Rata-rata jumlah kematian akibat perang menurun terus dengan
peningkatan kesehatan reproduksi. Negara-negara dengan tingkat tinggi kesehatan
reproduksi yang diukur dengan nilai faktor tampaknya memiliki tingkat rendah
kematian akibat konflik bersenjata. Namun, distribusi rata-rata jumlah kematian
akibat bencana alam tidak linear dengan tingkat status kesehatan reproduksi.
Jumlah rata-rata terbesar kematian bencana alam telah terjadi di negara-negara
dengan status kesehatan reproduksi kesehatan menengah. Distribusi kematian
keterbatasan
metodologis.
Keterbatasan
pertama
menyangkut
Depresi dan kecemasan diukur dengan menggunakan Hopkins Gejala Checklist25, sementara pengalaman gempa ditangkap menggunakan Kuesioner Trauma
Harvard. Hubungan baik depresi atau kecemasan dengan variabel sosiodemografis, pengalaman gempa, kesehatan reproduksi dan akses ke fasilitas
kesehatan diperkirakan menggunakan regresi logistik multivariat.

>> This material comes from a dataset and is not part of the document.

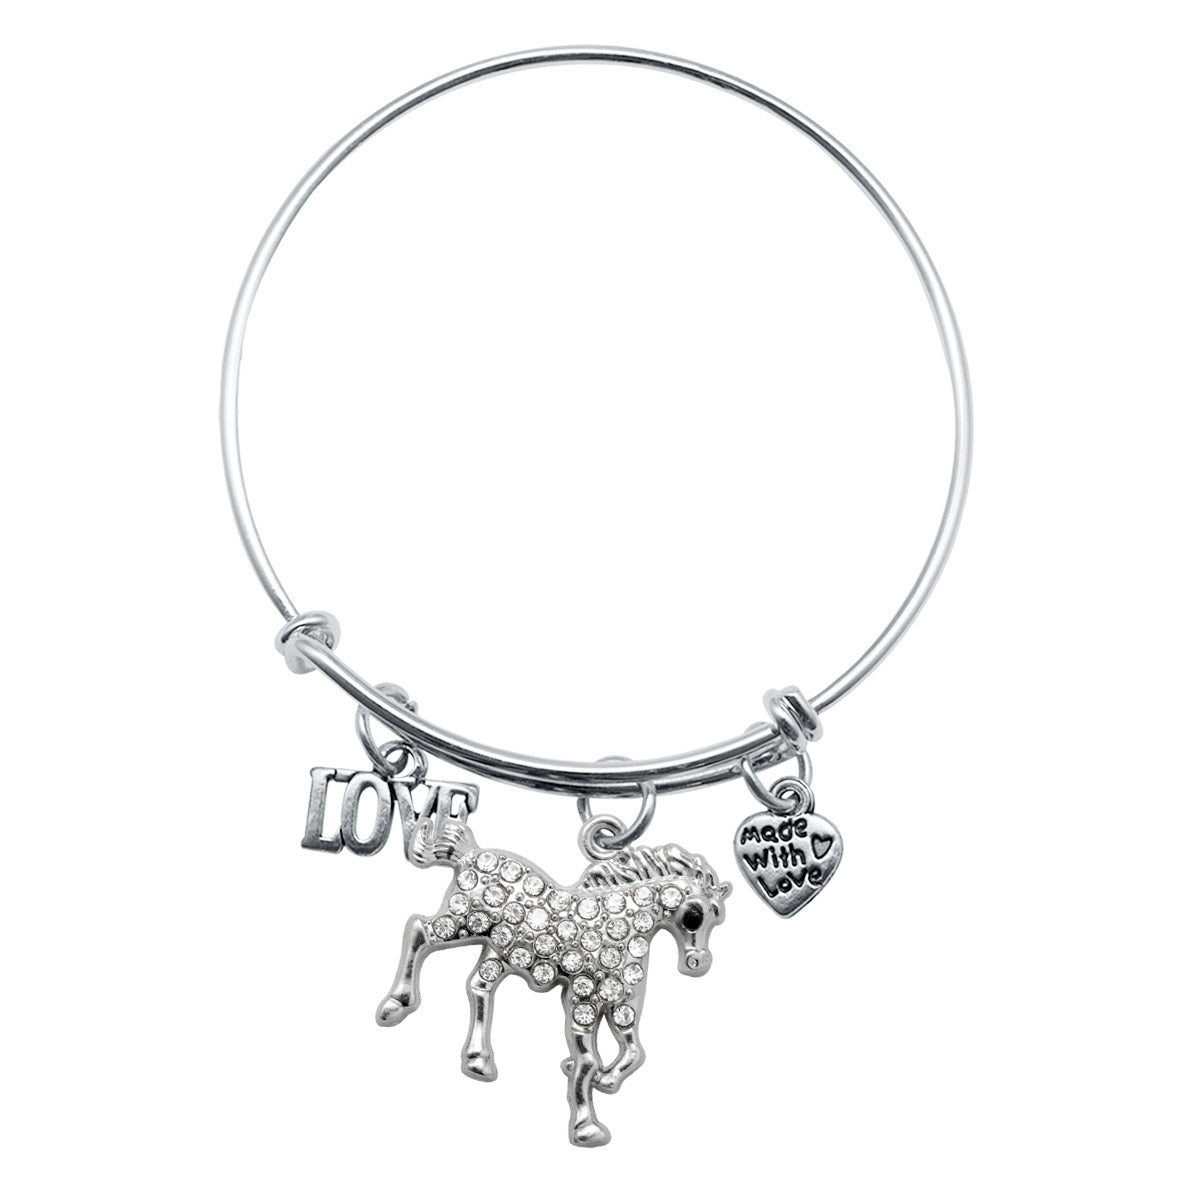 Silver Love Galloping Horse Charm Wire Bangle Bracelet

Hasil: peristiwa kesehatan Pasca gempa reproduksi bersama dengan kesulitan
ekonomi, dukungan keluarga rendah dan akses yang lebih buruk terhadap fasilitas
kesehatan menjelaskan proporsi yang signifikan dari perbedaan dalam mengalami
tingkat klinis depresi dan kecemasan. Misalnya, perempuan kehilangan sumber
daya untuk subsisten, pemisahan dari keluarga dan mengalami peristiwa
kesehatan reproduksi seperti memiliki lahir mati, setelah melakukan aborsi,
memiliki keputihan yang abnormal atau telah memiliki ulkus genital, berada pada
risiko yang signifikan dari depresi dan kecemasan.
Kesimpulan: Hubungan antara pasca-gempa kesehatan perempuan mental dan
kesehatan reproduksi, status sosial-ekonomi, dan akses perawatan kesehatan yang
kompleks dan menjelaskan sebagian besar oleh peran sosial budaya perempuan.
Disarankan bahwa intervensi yang menganggap perbedaan gender dan yang
sesuai dengan budaya cenderung mengurangi kejadia
Kesehatan mental pasca bencana perempuan dikaitkan dengan rendahnya status
sosial ekonomi, pemisahan dari keluarga, hasil kesehatan reproduksi yang buruk,
pengetahuan tentang kontrasepsi, dan terbatasnya akses ke fasilitas kesehatan
yang tepat. Sementara hubungan antara variabel yang kompleks dan
membutuhkan studi lanjutan longitudinal, budaya penelitian sensitif untuk
memperjelas, efek pasca bencana dapat mengurangi timbulnya kecemasan jangka
panjang dan depresi pada wanita yang bertahan hidup gempa bumi.